Hey, he says, can you just answer me question?

The kettle starts to boil. She rises unsteadily from the table.

Hey, cause I’ve just seen them fucking snogging, yeah? he calls. I’ve just seen them fucking necking, yeah? She turns round, horrified. Good

So your kids are fucking, yeah? Your kids are fucking each other, right? He’s on his feet now. Clive! she says. What are you talking about? Stop that right now! No more of that talk from you! What did you just call me — did you just call me Clive? I’m not Clive. What? I know you’re not Clive! she snaps. Are you Michael? … It’s Michael, is it? I want you to go now, Michael!

The thought occurs to him: this is when you rape people. He doesn’t want to, but on some level he feels basically obliged.

I’m not Michael. You don’t know me. I’m looking for Hanna. What are you looking for Hanna for? Who are you? I want you to go now! Go on, get out! What does Clive look like?

I’m not answering any of your questions! Get out of my house!

Hey, your kids are fucking each other, you mad cow! If it’s fucking someone’s job to stop it, innit fucking yours?

You get out of my house this instant, you horrible man, or I’ll call the police! Go on! She takes a knife from the block and starts stirring the air, making little stabbing motions in his direction.

Hey, you fucking mad bitch, he yells, I could come over there and stuff that up your fucking arse! Don’t you be pointing that fucking thing at me, you fucking get me?

Go now! she screams, and suddenly his hand is on her throat. Her eyes bulge at him, defiant somehow; her mouth is screwed to a tight line. The knife clatters on the floor. She’s silent, watching him with an awful calm. He squeezes tighter and feels a lump on the inside of her throat.

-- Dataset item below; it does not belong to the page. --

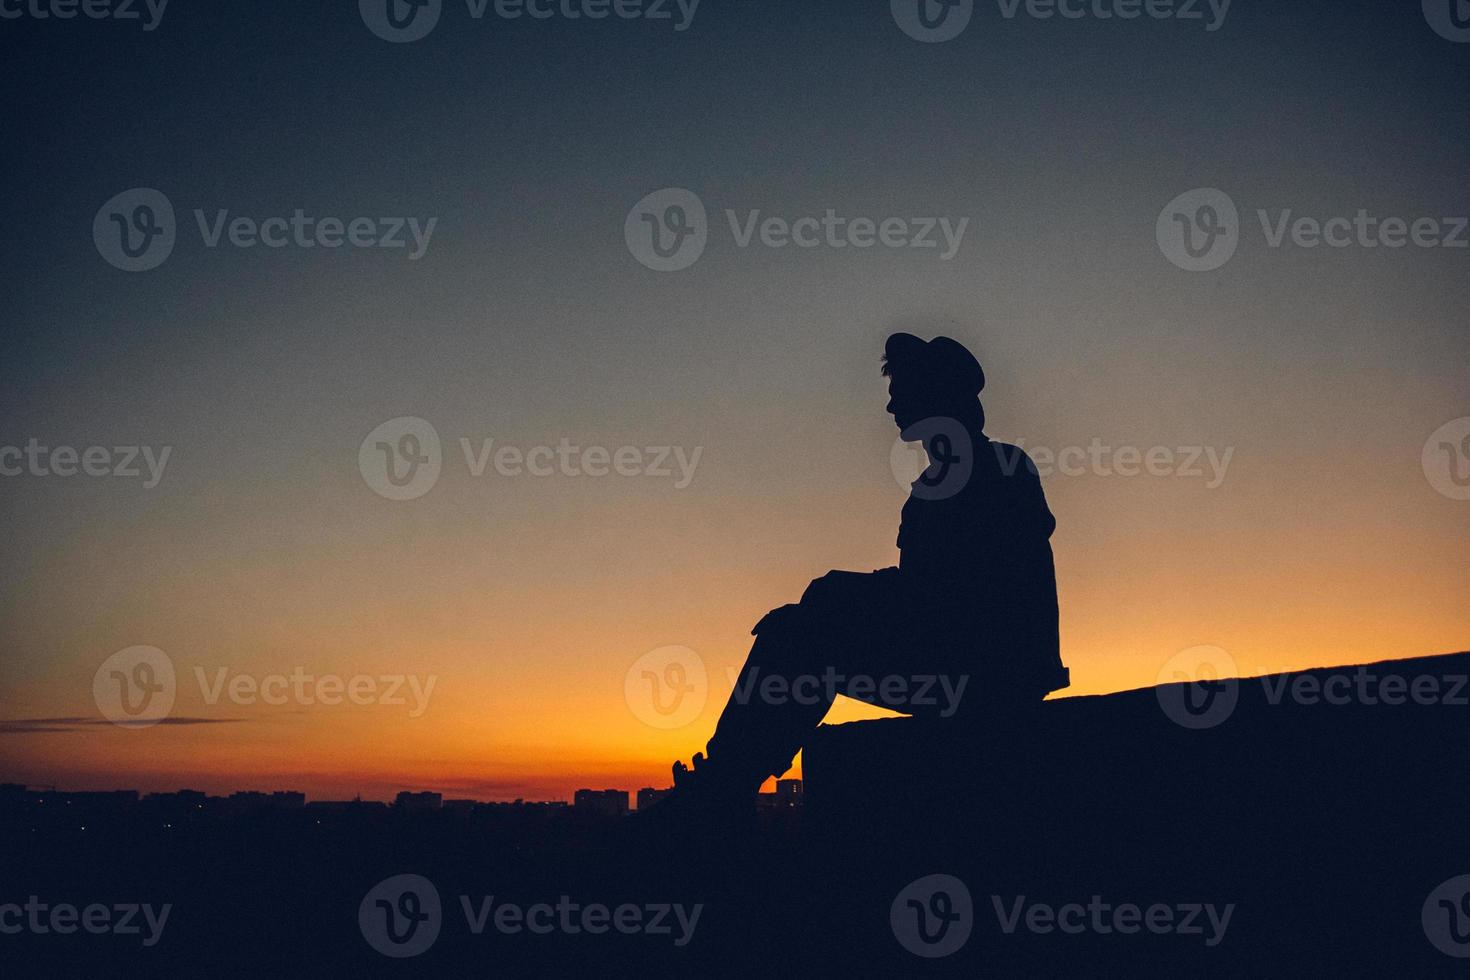 silhouet van het portret van een man met hoed die naar de zonsondergang over de stad kijkt foto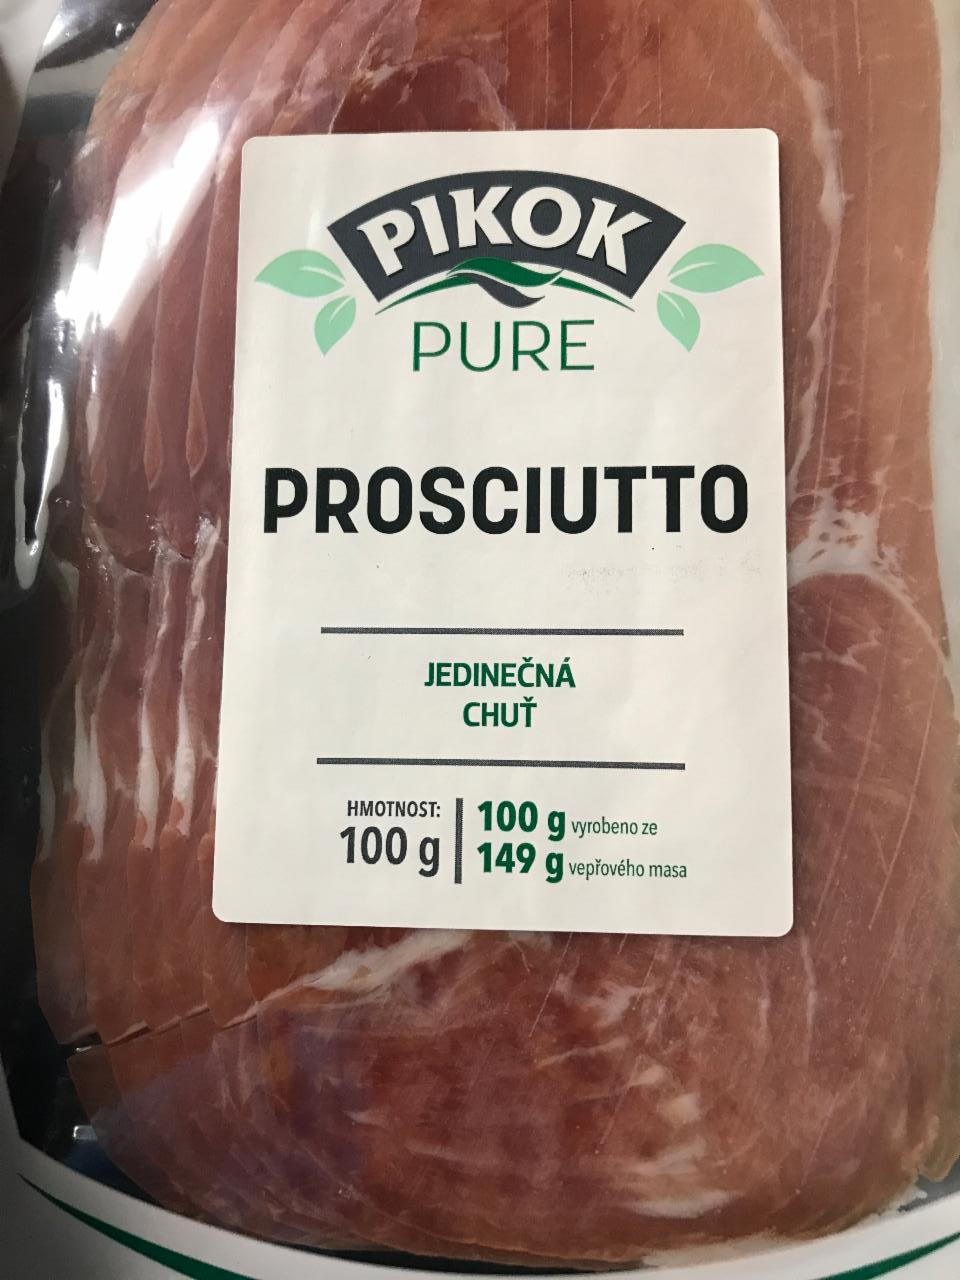 Фото - Прошуто Prosciutto Pikok Pure

You fucking stupid bitch! You fucking stupid cunt! he shouts. What the fuck’s the matter with you? I ought to be fucking raping you!

This he instantly regrets. He releases his grip on her throat and feels her softening, going limp. He lowers her to the floor. She’s still watching him – silently, intently. From the waist down, her nightie is a translucent apron of piss. He backs away, leaves her lying on the floor in a pool of piss, staring.

He’s running now, pelting down the hill, and it’s cold, shivering cold. Fucking bitch! Fucking mad bitch! The sky’s still blue beyond the park gates: dark blue and scattered with stars. Fucking bitch could never — never fucking say who he was.

But he’s left his jacket! Has he left his fucking jacket? He’s left his fucking jacket! He’s going to die, going to fucking die — his heart is going to stop. Fucking cunt! Fucking bastard! Should he go back? He can’t go back. Maybe it’s not there. Fucking please don’t let it be there.

He slumps on the bench where they were necking and he starts to piss his pants. He stands up and pulls his dick out and pisses all over the bench.

There’s a dog-walker across the park, looking at him. Fuck her. He turns to the dog-walker with his dick out and stares back hard. She turns sharply through the gate, passing out of the park, followed by her bounding beast. Yeah, the world bends to the man with his fuckin’ dick in his hand, he thinks, with equal parts elation and contempt.